The product \(U \times V\) is an open set in the topological product \(X \times Y\) and contains the pair \((x, y)\).

Since \(U \times V\) is contained within \(A \times B\), this proves that \((x, y)\) belongs to \(\text{Int}(A \times B)\).

Thus, we have shown that \(\text{Int}(A) \times \text{Int}(B) \subseteq \text{Int}(A \times B)\).

### 2] The Product of the Interiors Contains the Interior of the Cartesian Product

Next, we need to prove that

$$ \text{Int}(A \times B) \subseteq \text{Int}(A) \times \text{Int}(B) $$

In other words, we need to show that if \((x, y) \in \text{Int}(A \times B)\), then \(x \in \text{Int}(A)\) and \(y \in \text{Int}(B)\).

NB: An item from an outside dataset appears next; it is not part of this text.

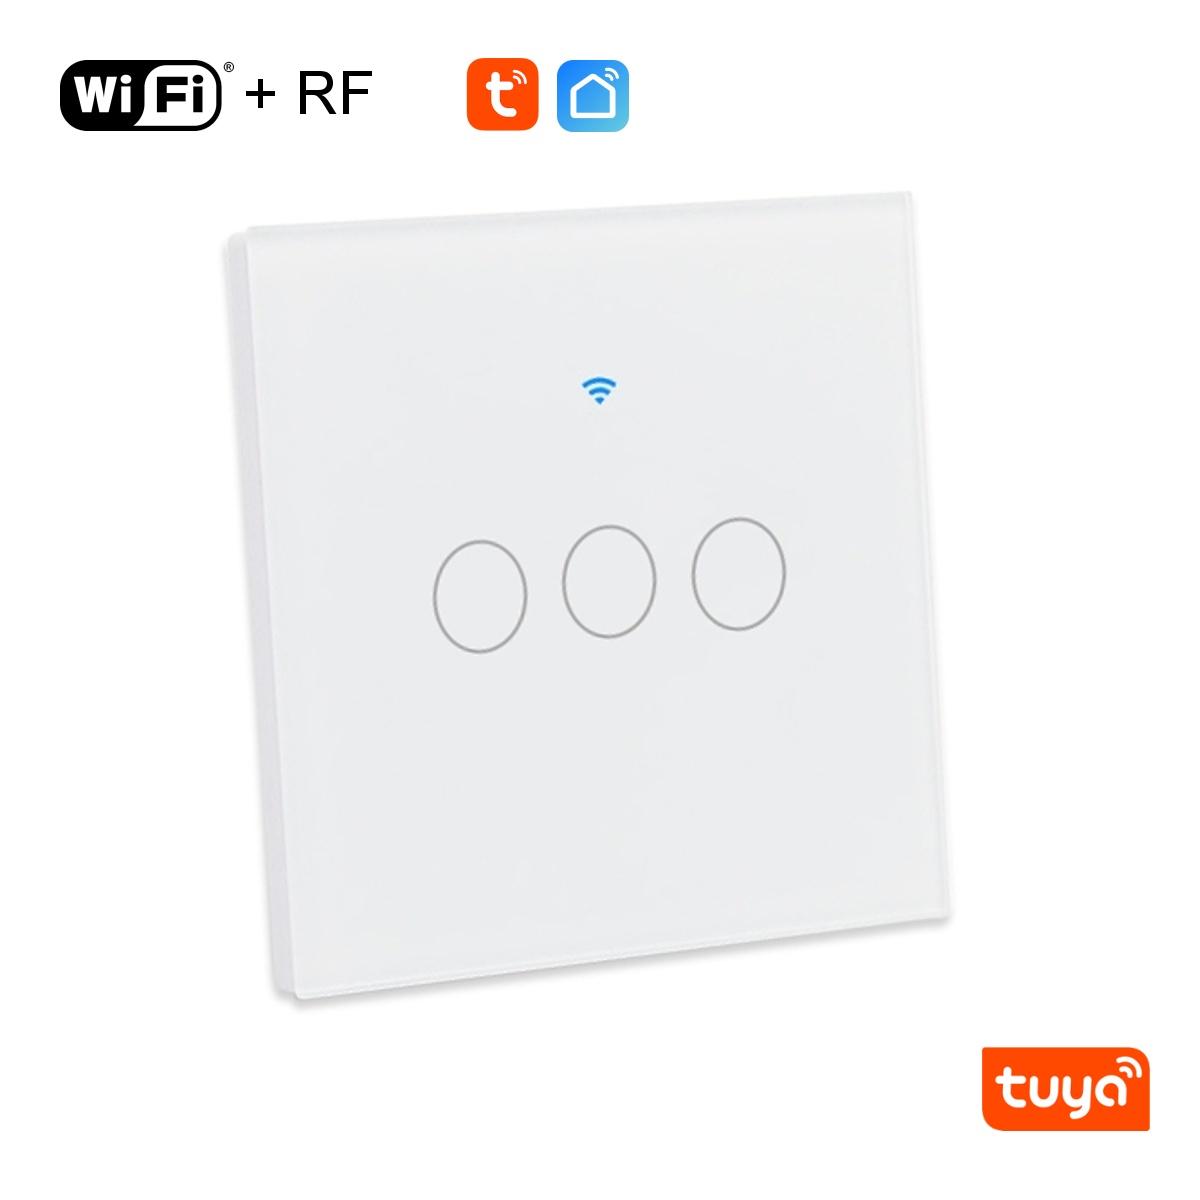 Třítlačítkový WiFi+RF vypínač - Tuya

Consider a pair of points \((x, y)\) belonging to \(\text{Int}(A \times B)\).

This implies that there exists an open set \(W\) within \(X \times Y\) such that \((x, y) \in W \subseteq A \times B\).

In the topological product, we can find open sets \(U\) and \(V\) in \(X\) and \(Y\) respectively, such that \(W\) contains a Cartesian product \(U \times V\) with \((x, y) \in U \times V \subseteq W\).

Since \(U \times V \subseteq A \times B\), we can deduce that \(U\) is contained within \(A\) and \(V\) is contained within \(B\).

This means that \(x \in U \subseteq A\) and \(y \in V \subseteq B\), so \(x\) belongs to the interior of \(A\) and \(y\) belongs to the interior of \(B\).

Therefore, \((x, y) \in \text{Int}(A) \times \text{Int}(B)\), which demonstrates that \(\text{Int}(A \times B) \subseteq \text{Int}(A) \times \text{Int}(B)\).

### 3] Conclusion

We have now demonstrated both inclusions:

$$ \text{Int}(A) \times \text{Int}(B) \subseteq \text{Int}(A \times B) $$

$$ \text{Int}(A \times B) \subseteq \text{Int}(A) \times \text{Int}(B) $$

Thus, we can conclude that the interior of the Cartesian product \(A \times B\) is equal to the product of the interiors of \(A\) and \(B\).

$$ \text{Int}(A \times B) = \text{Int}(A) \times \text{Int}(B) $$

And with that, the theorem is confirmed.